It is however possible to access the PDF version of 2012 for free:
[X.509-2012-10](https://www.itu.int/rec/T-REC-X.509-201210-S/)
This recommendation has actually quite a broad scope, from public-key certificate,
attribute certificates and authentication services, and also quite old: the 1st
version was published in 1988.
The corresponding ASN.1 specification can be found in the fomal description section of
this [web page](http://www.itu.int/itu-t/recommendations/rec.aspx?rec=X.509#).
It is a set of 8 ASN.1 modules, which actually requires many other modules from other
ITU-T specifications to be compiled.
The X.509 2016 ASN.1 module from ITU-T is available in the directory
[pycrate_asn1dir/ITUT_X509_2016-10](https://github.com/ANSSI-FR/pycrate/blob/master/pycrate_asn1dir/ITUT_X509_2016-10/)
and the corresponding Python module are in the compiled file
[pycrate_asn1dir/X509_2016.py](https://github.com/ANSSI-FR/pycrate/blob/master/pycrate_asn1dir/X509_2016.py)
Few errors have been corrected compared to the archive of ASN.1 files provided by the
ITU-T web site for the specification to compile correctly.
The definition of an X.509 certificate is provided by the object *Certificate*
in the *AuthenticationFramework* module. Certificates are known to be DER-encoded.
### X.509 in practice
Let's see how the X.509 cetificate of the ITU-T website is structured, according
to their ASN.1 specification. With any good web browser, we can export the certificate
to the PEM format: the certificate is base64-encoded between two specific lines:
*BEGIN CERTIFICATE* and *END CERTIFICATE*. The PEM-encoded certificate from the ITU-T
web site is 2718 bytes long.
Let's see what happen when we load the compiled module and decode the certificate
from the ITU-T website:
>>> from pycrate_asn1dir.X509_2016 import *
init_modules: different OID objects (id-oc, objectClass) with same OID value ((2, 5, 6))
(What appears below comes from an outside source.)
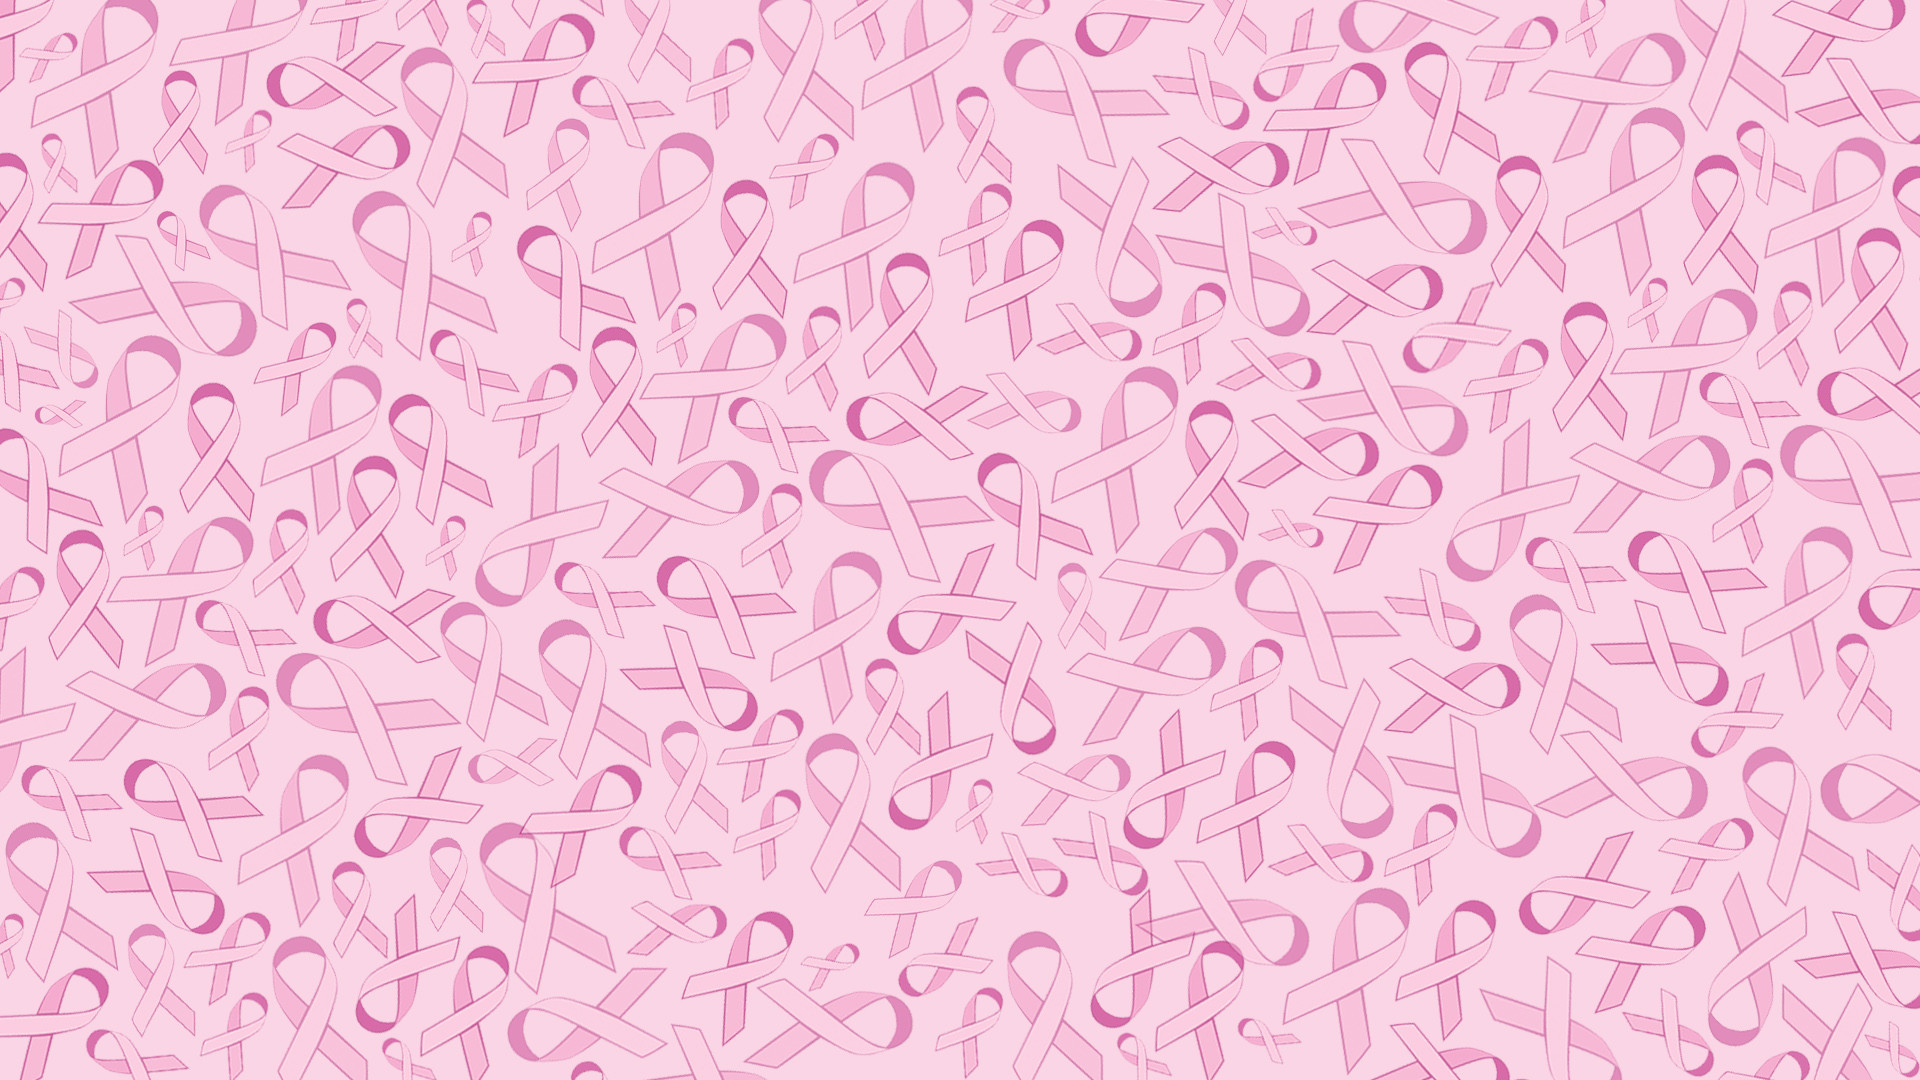 Breast Cancer Awareness Desktop Wallpaper 41 Images HD Wallpapers Download Free Images Wallpaper [wallpaper981.blogspot.com]

init_modules: different OID objects (id-at, attributeType) with same OID value ((2, 5, 4))
[...]
>>> Cert = AuthenticationFramework.Certificate
>>> Cert
<Certificate ([SIGNED] SEQUENCE)>
>>> Cert.get_proto()
{
toBeSigned: {
version: 'INTEGER',
serialNumber: 'INTEGER',
signature: {
algorithm: 'OBJECT IDENTIFIER',
parameters: 'OPEN_TYPE'
},
issuer: {
rdnSequence: [[{
type: 'OBJECT IDENTIFIER',
value: 'OPEN_TYPE'
}]]
},
validity: {
notBefore: {
utcTime: 'UTCTime',
generalizedTime: 'GeneralizedTime'
},
notAfter: {
utcTime: 'UTCTime',
generalizedTime: 'GeneralizedTime'
}
},
subject: {
rdnSequence: [[{
type: 'OBJECT IDENTIFIER',
value: 'OPEN_TYPE'
}]]
},
subjectPublicKeyInfo: {
algorithm: {
algorithm: 'OBJECT IDENTIFIER',
parameters: 'OPEN_TYPE'
},
subjectPublicKey: 'BIT STRING'
},
issuerUniqueIdentifier: 'BIT STRING',
subjectUniqueIdentifier: 'BIT STRING',
extensions: [{
extnId: 'OBJECT IDENTIFIER',
critical: 'BOOLEAN',
extnValue: 'OCTET STRING'
}]
},
algorithmIdentifier: {
algorithm: 'OBJECT IDENTIFIER',
parameters: 'OPEN_TYPE'
},
signature: 'BIT STRING'
}
>>> cl = open('~/Downloads/ituint.crt').readlines()
>>> import base64
>>> cb = base64.b64decode(''.join(cl[1:-1]))
>>> Cert.from_der(cb)
SEQUENCE._decode_ber_cont_ws: Certificate.toBeSigned.issuer.rdnSequence._item_._item_, unable to determine if component value is present (err 3)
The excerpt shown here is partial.